I REALLY hate the fat bumper lip front and rear. Looks so ugly. So any bodykit thats not close to that would be great lol.

Thanks!


----------



## Tev (Oct 4, 2008)

Hi, You drive a Coupé or a Sedan?

There are some bodykits for the Coupé. For the Sedan, i don't know...


----------



## Darkone121 (Aug 19, 2010)

Yes! For the Coupe! 2 Door.

Could you give me any links? Pictures? 

I heard you can get a body kit from other cars that are kind of similar, and put them on the sentra. Not sure which cars or if that's true. But If anyone could help me that'd be great. 

:]


----------



## Tev (Oct 4, 2008)

Yes, I have pictures:

Original B12 GTI Bodykit (never offered in USA):










"Foha"-Bodykit (was offered in some European countries):
Look at here

"Wirth"-Bodykit (only in Germany):









"Vestatec"-Bodykit (only in Germany):









The manufacturers Foha, Wirth and Vestatec don't exist anymore, so those parts are extremely rare 
The GTI bodykit is here in Europe more or less common.

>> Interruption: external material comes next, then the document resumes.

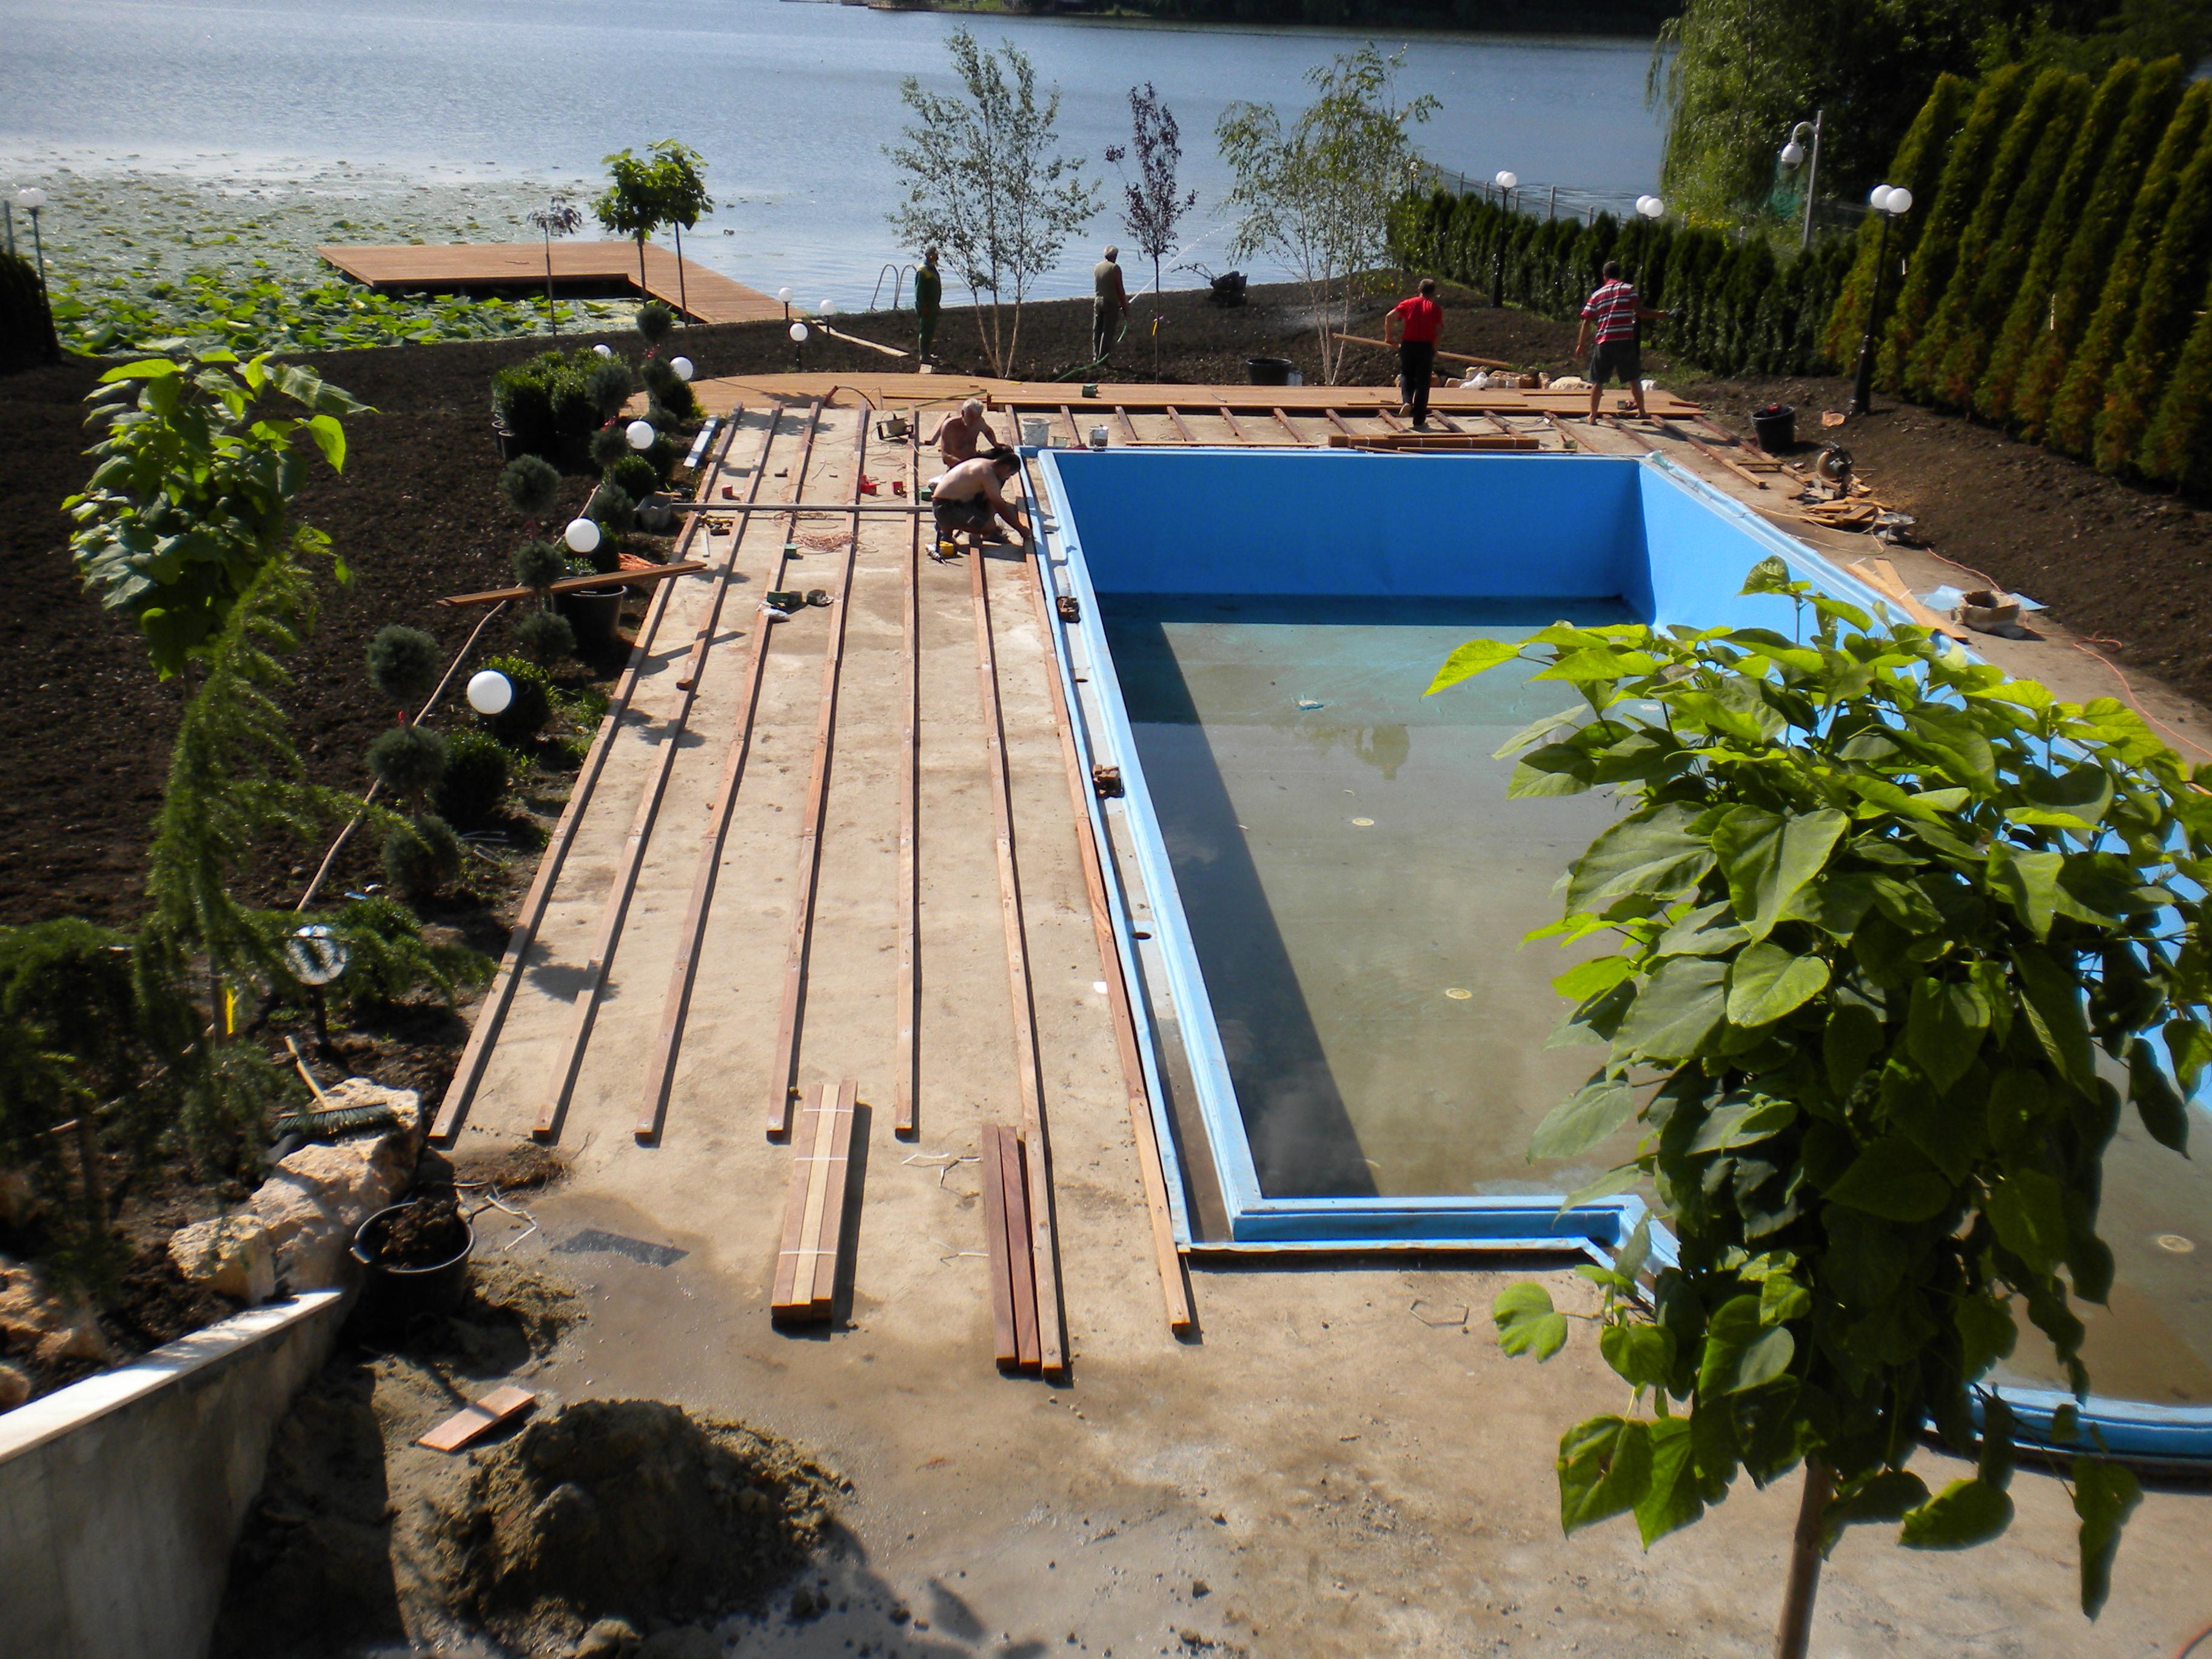 Deck-uri lemn - Angelim Pedra SELVA FLOORS - Poza 24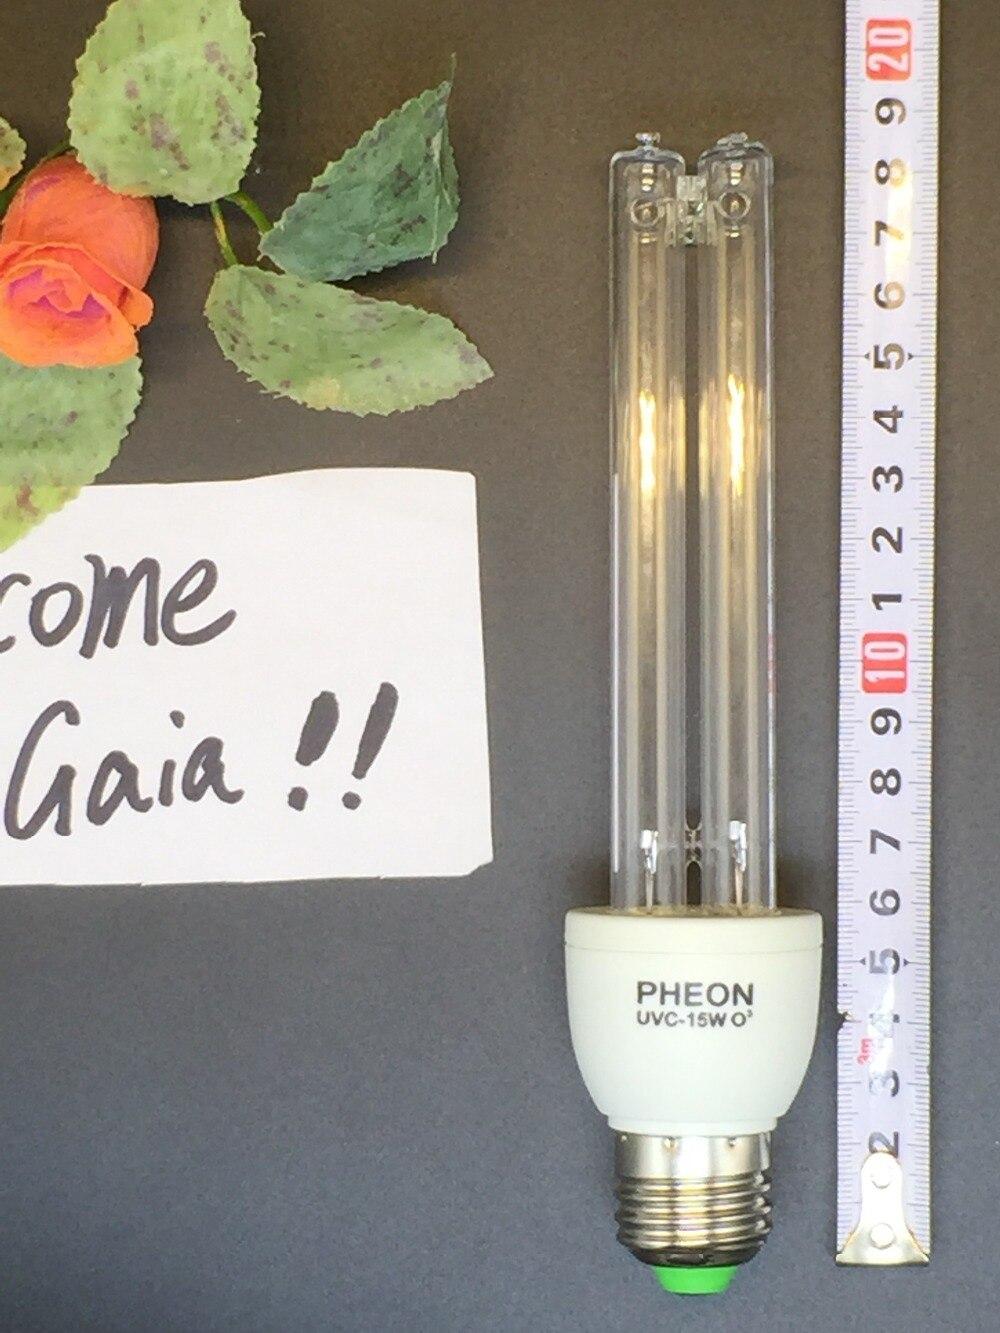 UVC + Ozone Germicidal Deodorant Compact Fluorescent Light 220V 15W E27 Screw Base, UV CFL Sterilization Light.

> Hi! I currently have a 1990 Nissan Sentra, that I'm doing a swap with a CA18DET engine (Currently in progress), and as I finish up. I'd like to know if theirs any good looking body kits out there BESIDES Kaminari.


Is there a bodykit from Kaminari for the B12 Coupe? I don't know it....


----------



## Darkone121 (Aug 19, 2010)

Ok so is there any way I can have my hands on these body kits that you just showed me? I live in California. 

Yes there is. 
Heres the link for the Kaminari:

Sentra Body Kits | Kaminari

I'm not sure if the kaminari is just a bottom Lip add on, or the actual entire bumper.


----------



## Tev (Oct 4, 2008)

Darkone121 said:


> Ok so is there any way I can have my hands on these body kits that you just showed me? I live in California.


I think it is possible to get the GTI Bodykit. The other bodykits are too rare. As far as I know, there is a member here at this forum who bought a GTI-Bodykit from Europe and put it on his B12 Sedan...

May be you can ask at B12-Club.de or Sunnycoupe.com for the GTI Bodykit. On both forums, most members can speak english.

At the moment, I myself don't have any of those parts for sale...


----------



## Darkone121 (Aug 19, 2010)

Oh ok, now does the GTI Body Kit also have the ugly fat lip bumper? I seriously hate that -_-, I wish it went down flat. I'm willing to pay ANYONE to create an amazing looking body kit.


----------